Stamattina, appena accesa la tv per la rassegna stampa, non ho nemmeno fatto in tempo a bere il primo sorso di caffé e una sensazione maligna mi aveva già rovinato la giornata: non c’è più speranza. Se volete vivere una vita un po’ più decente, siete fuori tempo massimo: mettetevi l’animo in pace, abbracciate qualche cazzo di religione o rito strano che contempli la reincarnazione e sperate di nascere minoranza etnica nella prossima vita. Già, perché la notizia che fa giubilare il mondo è l’accordo trovato a cena fra Trump e i Democratici riguardo il futuro dei cosiddetti “dreamers”, i figli di clandestini che Obama aveva scudato con la sua legge e che adesso rischiavano invece l’espulsione.

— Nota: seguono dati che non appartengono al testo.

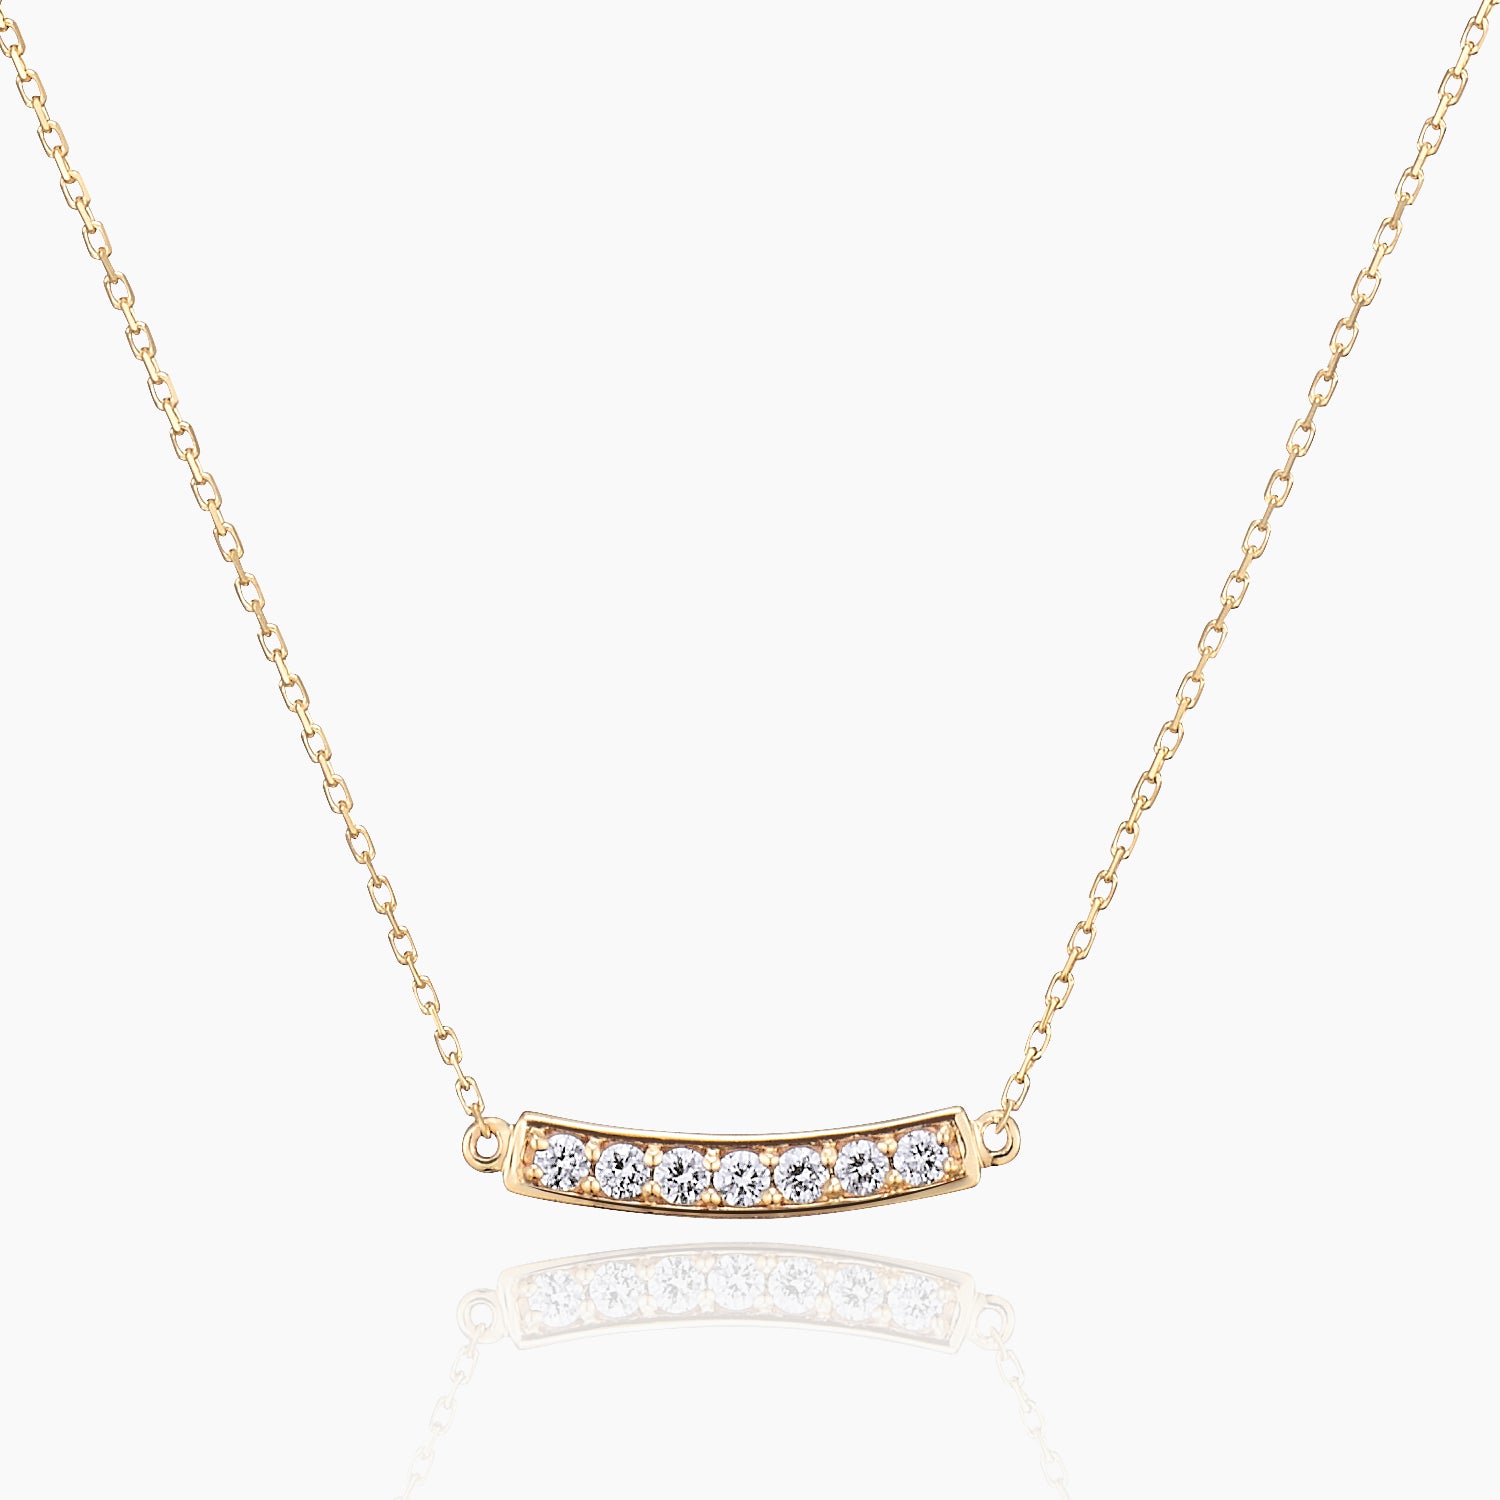 Earl アール ネックレス 宝石は天然ダイヤモンド 計0.05ct 素材はK10のイエローゴールド 商品番号MA10 正面

Tranquilli, potranno tranquillamente restare negli USA. Un’immagine da Mulino Bianco del cazzo che ha incollato un sorriso ebete sulla faccia dei nostri commentatori di punta: siamo peggio delle ragazzine che scrivono il nome dell’innamorato sullo zainetto, se non c’è il lieto fine non siamo contenti. Siamo vittime di un vomitevole sentimentalismo da ultimo della fila, un pauperismo falso e ipocrita che culla h24 gente che di tutele ne ha già fin troppo e che, nella maggior parte dei casi, ne abusa. Ma guai a dirlo, perché altrimenti per te è pronto un bel cappuccio del Ku Klux Klan. Ipocrisia allo stato puro e all’ennesima potenza: guardate queste schermate,



sono state prese ieri da Amazon con riferimento al libro di memorie di Hillary Clinton. Magicamente, dopo un giorno di strani rallentamenti nelle recensioni negative del volume, ecco che quest’ultimo ora ha rating solo 5 stelle. Viviamo in un mondo di melassa e bugie, un insieme inestricabile di mezze verità e bugie per intero. Un mondo che fa cin cin con le tazze del cappuccino per festeggiare la vita da sogno dei “dreamers”, benedetta da quel Donald Trump che con il passare dei giorni appare sempre più strumento del Sistema.

E se pensate che il problema sia solo americano, vi sbagliate di grosso. “Non è ammissibile che dei bambini muoiano per malattie che dovrebbero essere scomparse. In Romania e in Italia devono avere accesso ai vaccini senza condizione alcuna. Non ci devono essere morti evitabili nella nostra Europa”. Chi ha pronunciato queste parole? Ebbene, è stato Jean-Claude Juncker,ieri all’interno del discorso sullo stato dell’Unione al Parlamento di Strasburgo, ovvero l’atto ufficiale e istitutivo della nuova stagione legislativa dopo le vacanze estive. E non è stato un qualcosa di en passant, perché ha parlato di vaccini prima di parlare dell’esclusione sine die della Turchia dalla possibilità di ingresso nell’UE (stranamente prima del voto in Germania) e prima del Brexit.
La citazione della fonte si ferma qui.